Shooting his way to stardom

Published : Jul 07, 2001 00:00 IST


HE is young, fearless and has all the traits of a world champion. In returning the second best score, close to the previous world record, in an intensely competitive field in the World Cup in Munich, air rifle shooter Abhinav Bindra emphasised that he had made huge strides.

The 18-year-old Chandigarh lad, who had missed qualifying for the final by one point in the Sydney Olympics where he was the youngest shooter, failed to grab the gold this time again by one point.

There was a phenomenal improvement in his score when competing at the highest level, as he shot a 597 out of 600 in going into the final, and a spectacular 103.5 thereafter to aggregate 700.5 points, a mere 0.2 behind the world record that had stood till Leif Steinar Rolland of Norway shot 702.4 in the World Cup in Seoul a few weeks earlier.

The fact that it took two people - Leif Steinar Rolland himself and Jian Qiuof China - shooting a 701.5 to deny the honour of better medals for Abhinav showed the level with which the young man was challenging the world. The Chinese had shot a brilliant 104.5 in the final but lost out to the Norwegian, as the latter shot a 9.6 to a 9.1 in the shoot-off to decide the gold, after a tie.

Abhinav could have fancied his chances for the gold but for trailing by one point behind Rolland who had shot a 598 in the preliminary phase. Moreover, Abhinav had a 9.6 eighth shot as compared to the 10.5 and 10.6 by the other two in the final that tilted the balance.

Yet, for someone who had missed the bronze medal by 0.1 point in an earlier championship at the same venue, it was satisfying for Abhinav to have taken the bronze with a 1.0 lead this time against the fourth-placed Robert Kraskowski of Poland, who had also shot a 103.5 in the final.

What was more spectacular about Abhinav's effort was his series of four 100s with his last 40 shots in the preliminary stage. Once he finished the first 50 shots and had tallied 497, Abhinav knew that he needed a perfect 10 with each of his last 10 shots for the junior world record, which he himself had equalised last time.

Abhinav achieved the task, as he shot his fourth 100 nonchalantly to put the world junior record against his name, after having shared it with others earlier. The young Indian surprised everyone by shooting his 60 shots in 44 minutes, as against the allotted time of one hour and 45 minutes. It calls for guts to do that while competing with 105 others from 67 countries.
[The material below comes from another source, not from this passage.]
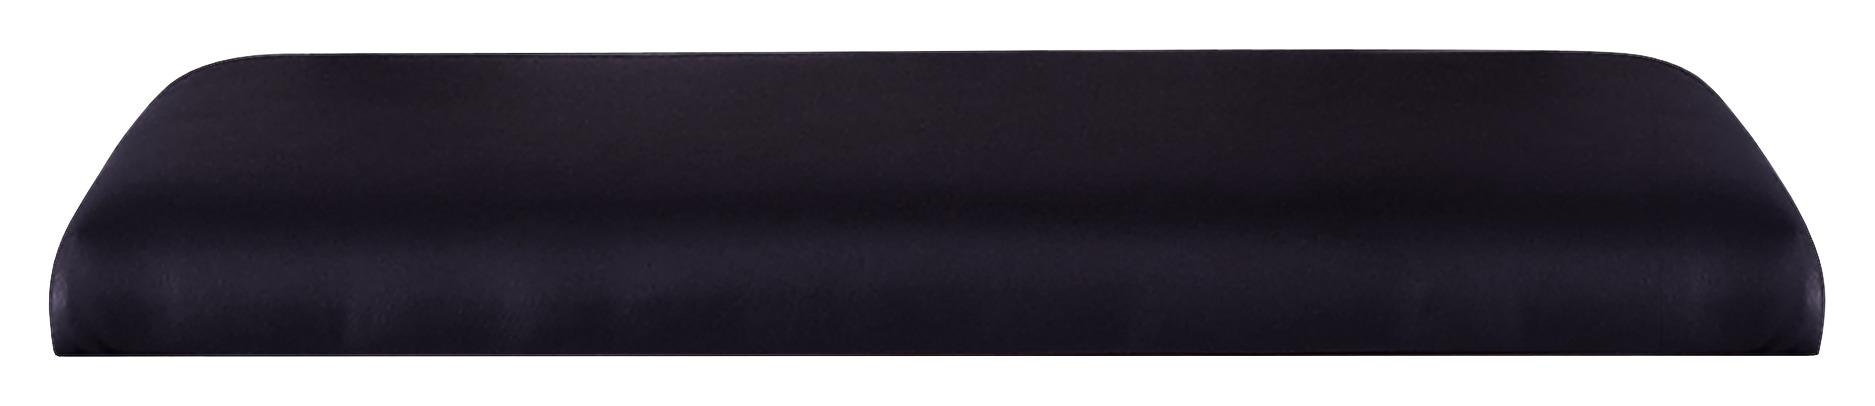 Sitzkissen für Garderobenbank Kashmir New Schwarz 84x37 cm - Schwarz, MODERN, Textil (84/5/37cm)

It was even better in Milan, when he finished in 33 minutes! Abhinav sets too hot a pace, rather intimidates the field.

The national chief coach, Prof. Sunny Thomas, asked Abhinav to go for the world record, in an attempt to provide adequate pressure required for the climax. Though Abhinav observed that it would be difficult to go for the record after a 597, he took the field apart with his outstanding effort.

Like all champions Abhinav thrives on pressure. He has a clear idea about the benefits of being under pressure.

"Pressure is a great thing. You can never have a top performance without any pressure. It is absolutely necessary. It has to be the right amount, though. It is like air and water. Too much is bad and too little is bad too," Abhinav had said earlier while discussing the subject.

Moreover, the series of competitions over many weeks in Europe and the systematic training with Heinz Renkemeir and Gaby Buehlmann in Germany had helped Abhinav draw the right strategy for the occasion.

"The training had helped me a lot, and the idea was to be more aggressive," said Abhinav, quite happy with the way things turned for the better after he had a harrowing time with his rifle in the first World Cup of the season, in Atlanta.

Though the gun shot nicely in the World Cup in Milan, it was in bad shape two days before the World Cup in Munich. Abhinav had trouble with the trigger-assembly of his world-class Walther gun, but set things right in time, and pushed aside all trouble to shoot his best. In Atlanta, the gun was malfunctioning, resulting in a 590, as he missed six points in the last two series with three bad shots, of eight each.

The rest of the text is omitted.